## Provided material
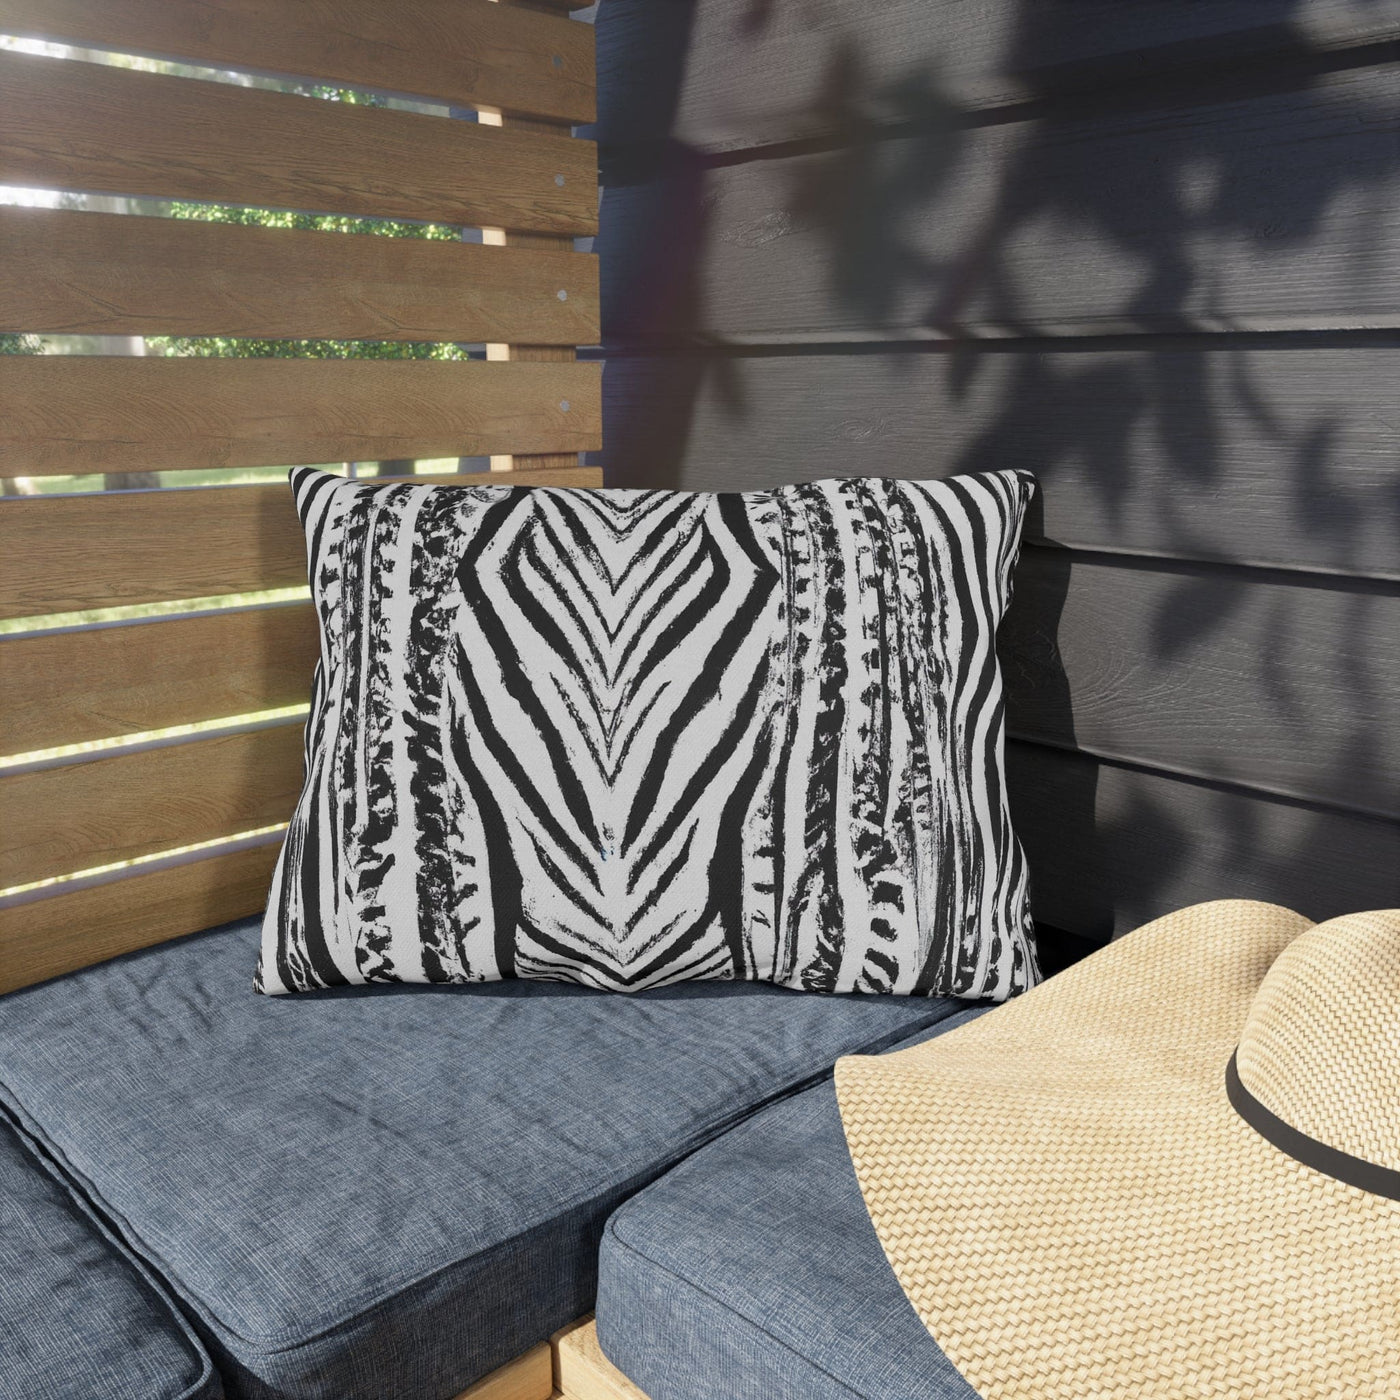 Decorative Outdoor Pillows With Zipper - Set Of 2 Native Black And White
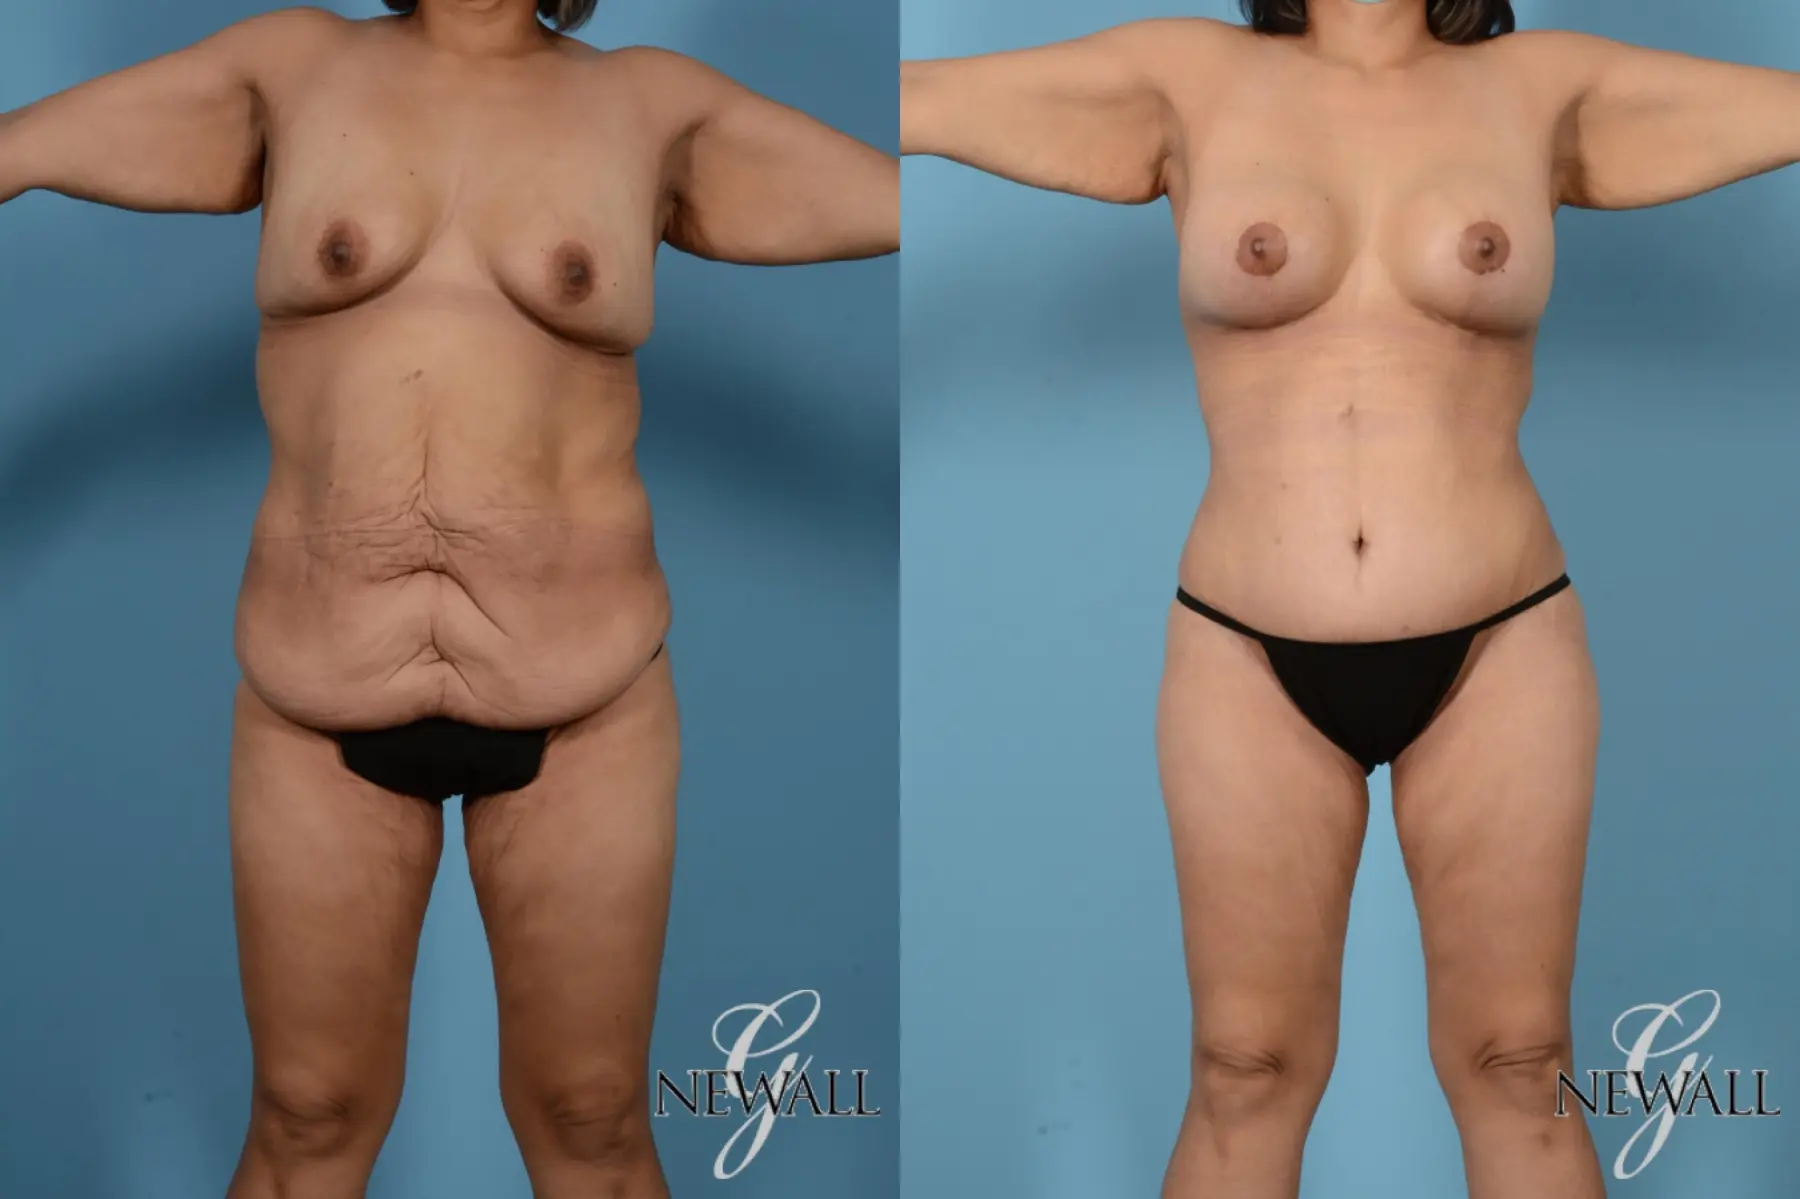 Tummy Tuck: Patient 13 - Before and After  
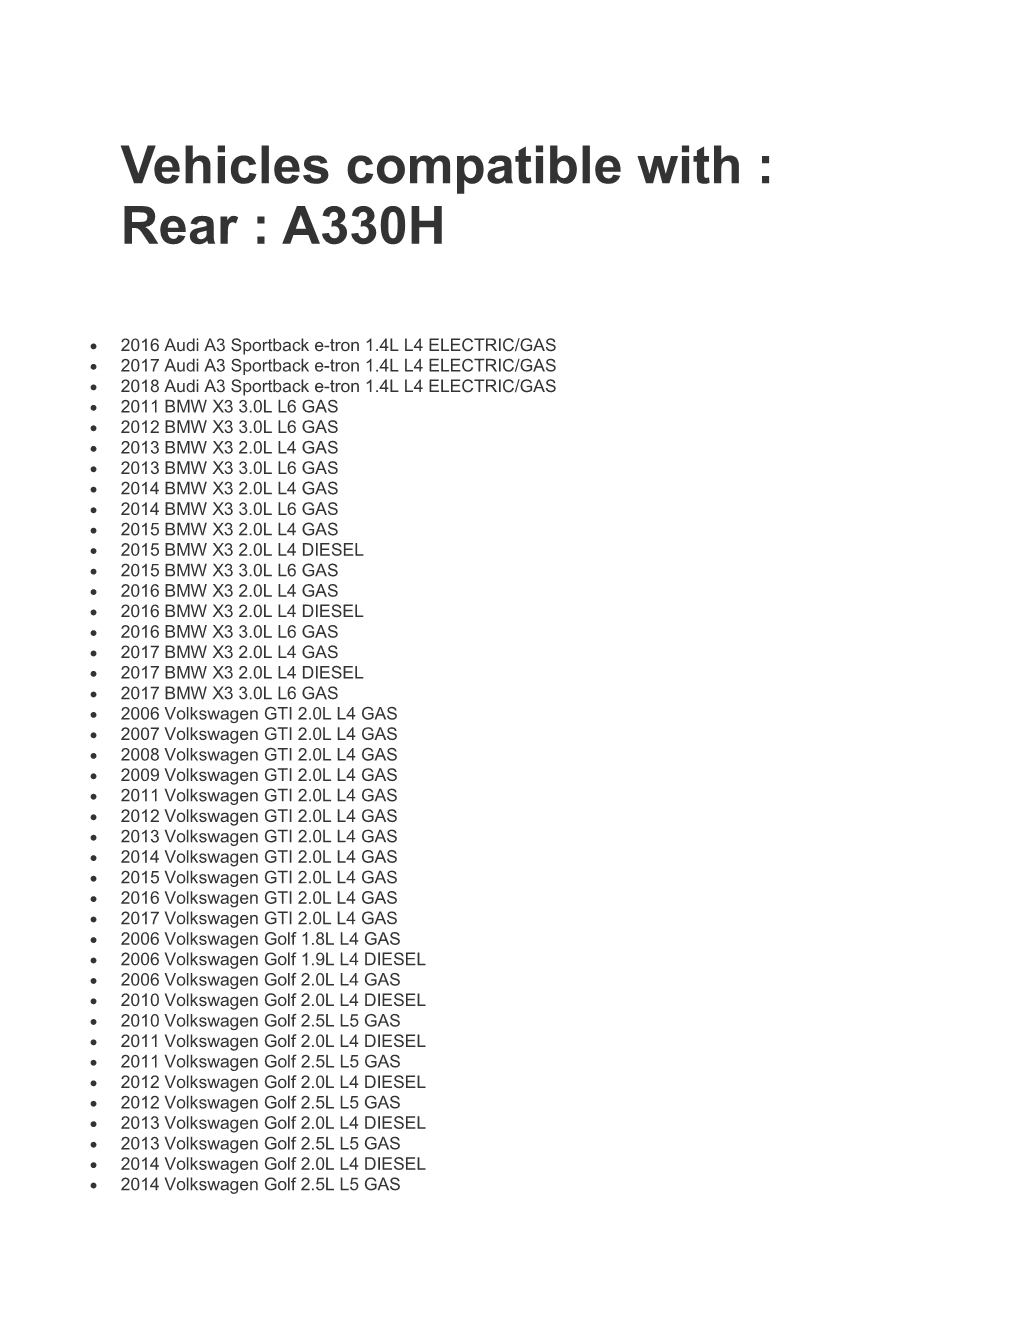 Vehicles Compatible with : Rear : A330H

## Problem statement
Copy the full listing above exactly, apart from the pictures.

## Result for this task
 Decorative Outdoor Pillows With Zipper - Set Of 2 Native Black And White
 Tummy Tuck: Patient 13 - Before and After  
 Vehicles Compatible with : Rear : A330H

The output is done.